# 457 Visa - Birth Certificate Problem



## jason_w (Nov 23, 2008)

Hi, 

I am just compiling all the docs for my 457 visa, but do not have my birth certificate. I tried to get a duplicate a few weeks ago but the agent that were doing it had probs locating it on the system...

Do I HAVE to have my birth certificate in order to complete the application? Or will a valid passport along with all the other documents suffice?

Any advice will be appreciated..

cheers


----------



## kaz101 (Nov 29, 2007)

Hi Jason,

You may have to contact an agent for advice on this one. 
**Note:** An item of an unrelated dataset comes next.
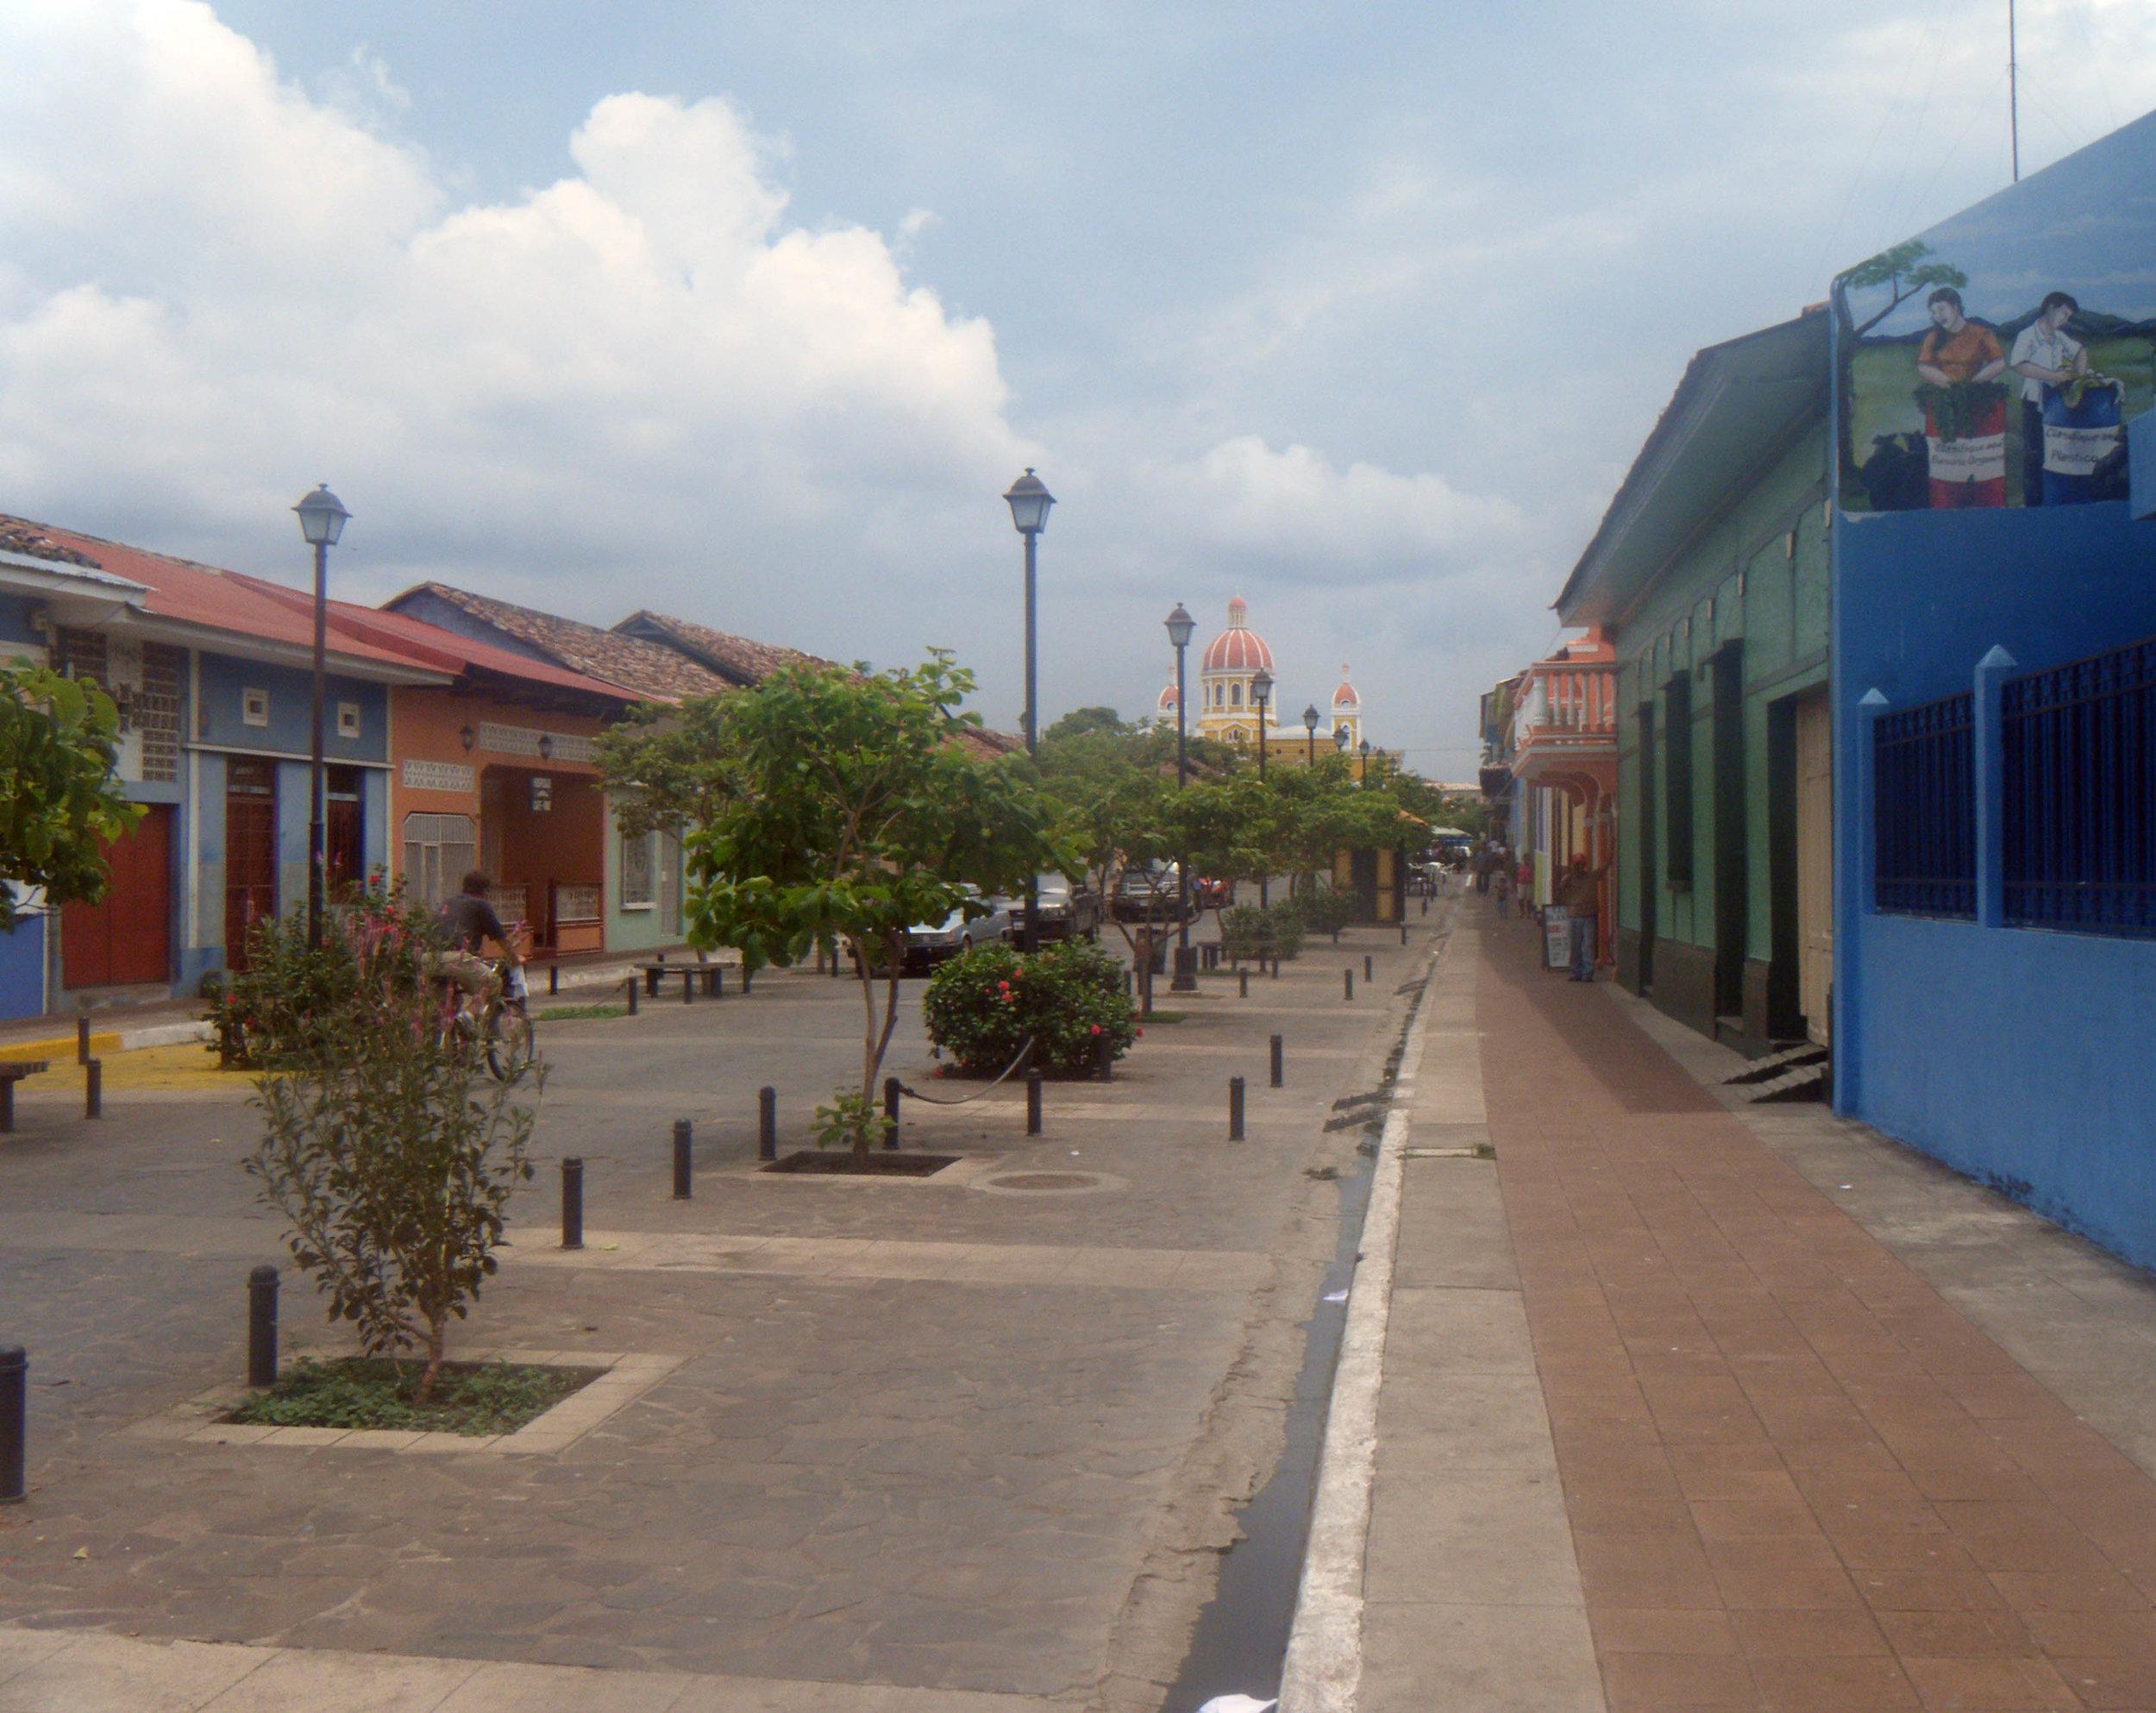 Avenida La Calzada.jpg

Why can't they find your birth certificate on the system? You should be able to get a duplicate. 

Regards,
Karen


----------



## Dolly (Feb 17, 2008)

jason_w said:


> Hi,
> 
> I am just compiling all the docs for my 457 visa, but do not have my birth certificate. I tried to get a duplicate a few weeks ago but the agent that were doing it had probs locating it on the system...
> 
> ...


Hi,

I'm with Karen in her suggestion for you to contact an agent. I would imagine that they will require a birth certificate.
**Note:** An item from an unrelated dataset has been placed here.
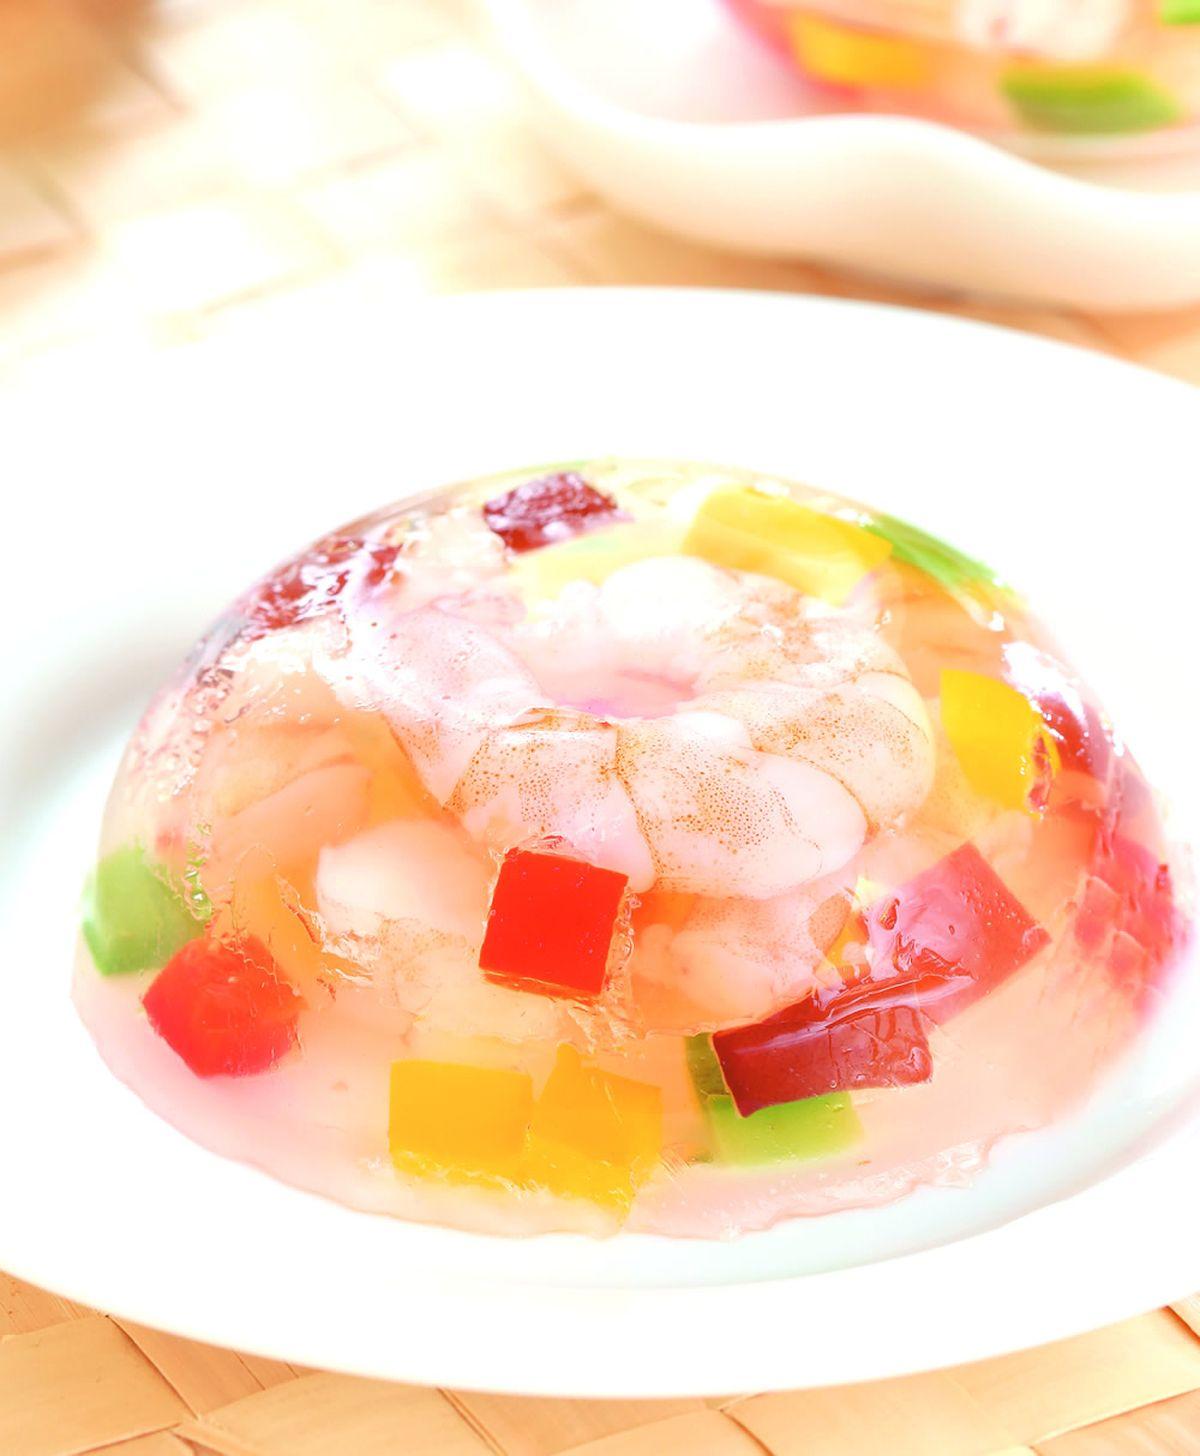 食譜:鮭魚米飯煎餅

You can get a copy of your birth certificate by either going to the Register Office of the district in which you were born or you can order a copy online General Register Office (GRO) - Official information on births, marriages and deaths.
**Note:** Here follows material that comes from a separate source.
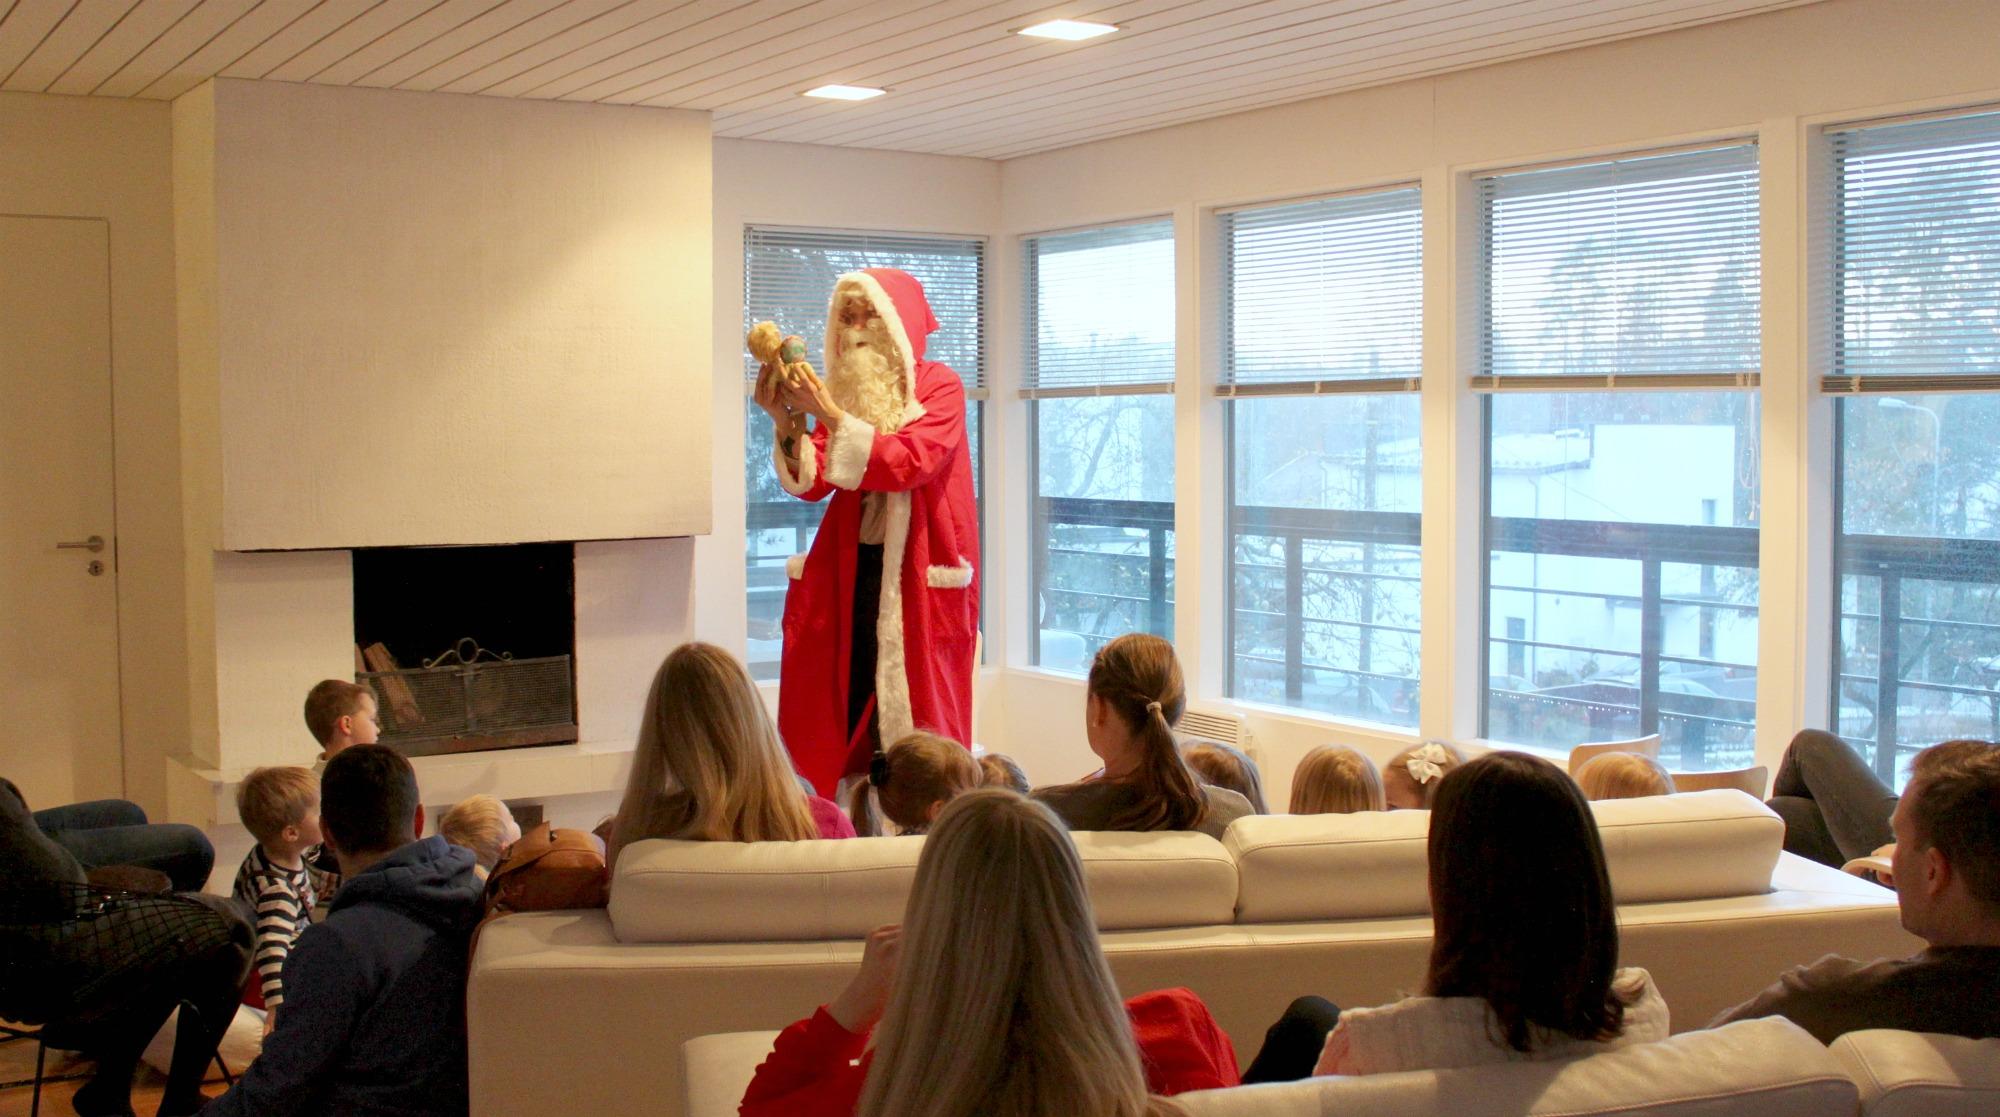 Teatteriesitys kotona / Päiväkotiyhdistyksen joulukauden avaus

We had to get a full copy of our son's birth certificate - I got the info I needed from our local council offices website. Now, the following link is for Buckinghamshire but it will give you an idea of what you need to do and what info is required for you to get a copy http://www.buckscc.gov.uk/bcc/content/index.jsp?contentid=986487387

Dolly


----------



## covfan71 (Apr 10, 2008)

Dolly said:


> Hi,
> 
> I'm with Karen in her suggestion for you to contact an agent. I would imagine that they will require a birth certificate.
> 
> ...


On the subject of 457's, i will be completing my application soon and was just wondering whether you include your family on the initial application or not. i have read somewhere (and it may be wrong) that i have to add my family after my visa has been granted and then pay the $5000 fees again. Is this correct??


----------



## kaz101 (Nov 29, 2007)

covfan71 said:


> On the subject of 457's, i will be completing my application soon and was just wondering whether you include your family on the initial application or not. i have read somewhere (and it may be wrong) that i have to add my family after my visa has been granted and then pay the $5000 fees again. Is this correct??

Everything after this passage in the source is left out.